Statue of Robert E. Lee removed from Dallas park now on display at golf course
A statue of Confederate Gen. Robert E. Lee that the city of Dallas removed from a public park is now on display at a golf course in West Texas, the Houston Chronicle reported.
The statue, a 1935 sculpture created by Alexander Phimister Proctor, now sits at the Lajitas Golf Resort in Terlingua, Texas.
The resort, which is owned by local billionaire pipeline mogul Kelcy Warren and managed by WSB Resorts and Clubs President Scott Beasley, received the statute through a donation in 2019, according to The Associated Press.
The statute depicts the Confederate general and another soldier on horseback. It was kept in a Dallas storage unit until it was sold at auction for $1.4 million in 2019, according to The Dallas Morning News.
Terlingua, which is near the Big Bend National Park and the Rio Grande, has less than 100 residents, none of whom are Black, according to recent census data.
Beasley told the Chronicle the statute is up just to preserve “a fabulous piece of art.”
“I would say that of the 60-plus thousand guests we host each year, we’ve had one or two negative comments,” Beasley said. “I’d bet that 80 to 90 percent of the people that come to the resort take a picture of it.”

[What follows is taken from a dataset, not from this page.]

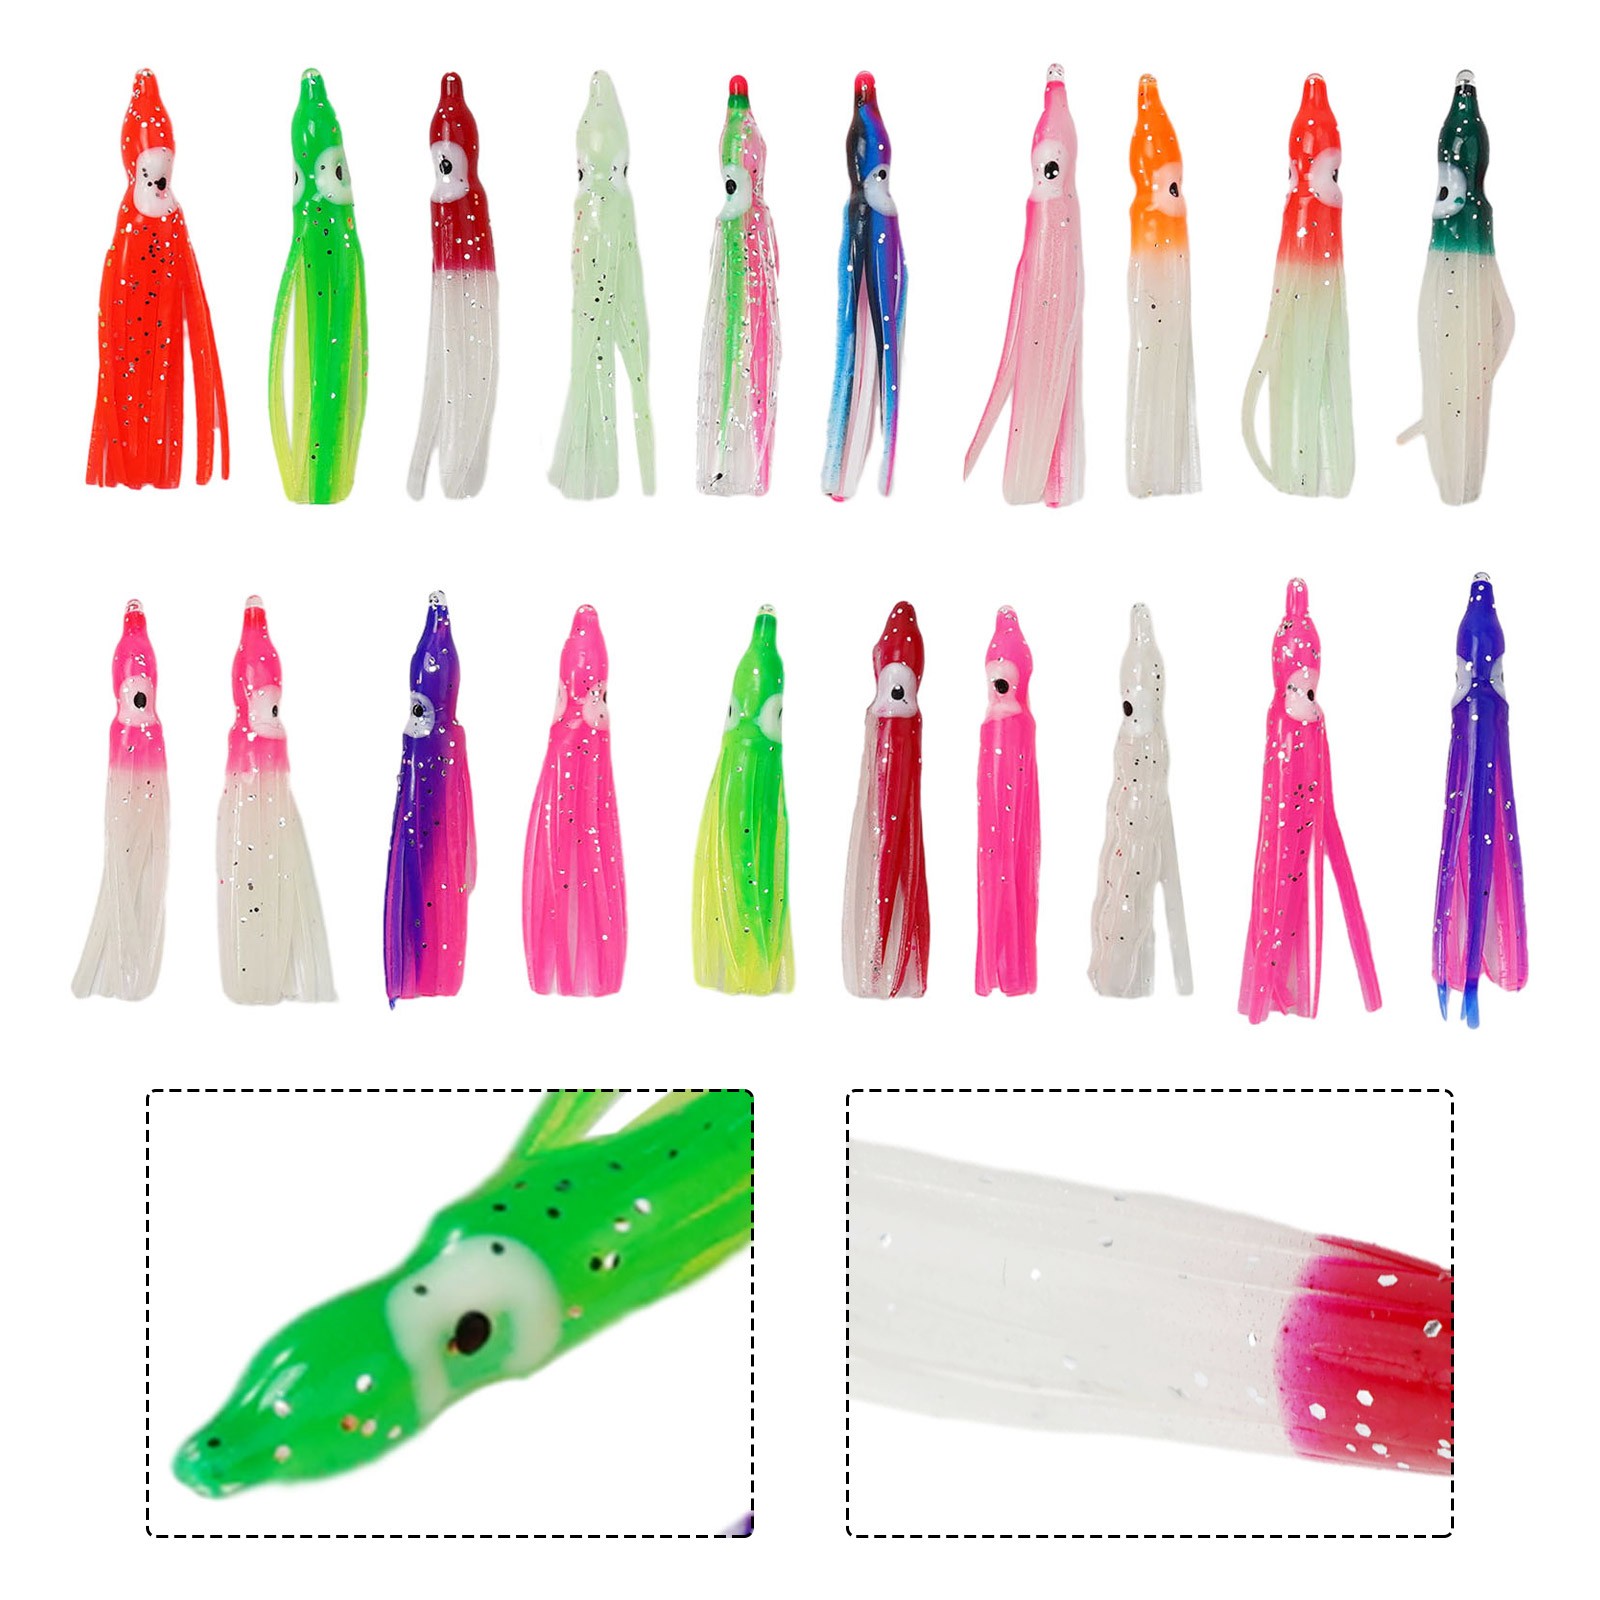 Soft PVC 20pcs Octopus Squid Fishing Lures Set in Sizes and Colors

The statue was removed from the Dallas park in September 2017 amid the fallout over the racial violence in Charlottesville, Va., a month prior.
Black Lives Matter activist Brandon Mack questioned Beasley’s defense of a statue that celebrates the oppression of Black people.
“We don’t glorify the swastika; we don’t have monuments (of) Adolf Hitler,” Mack said, according to the AP.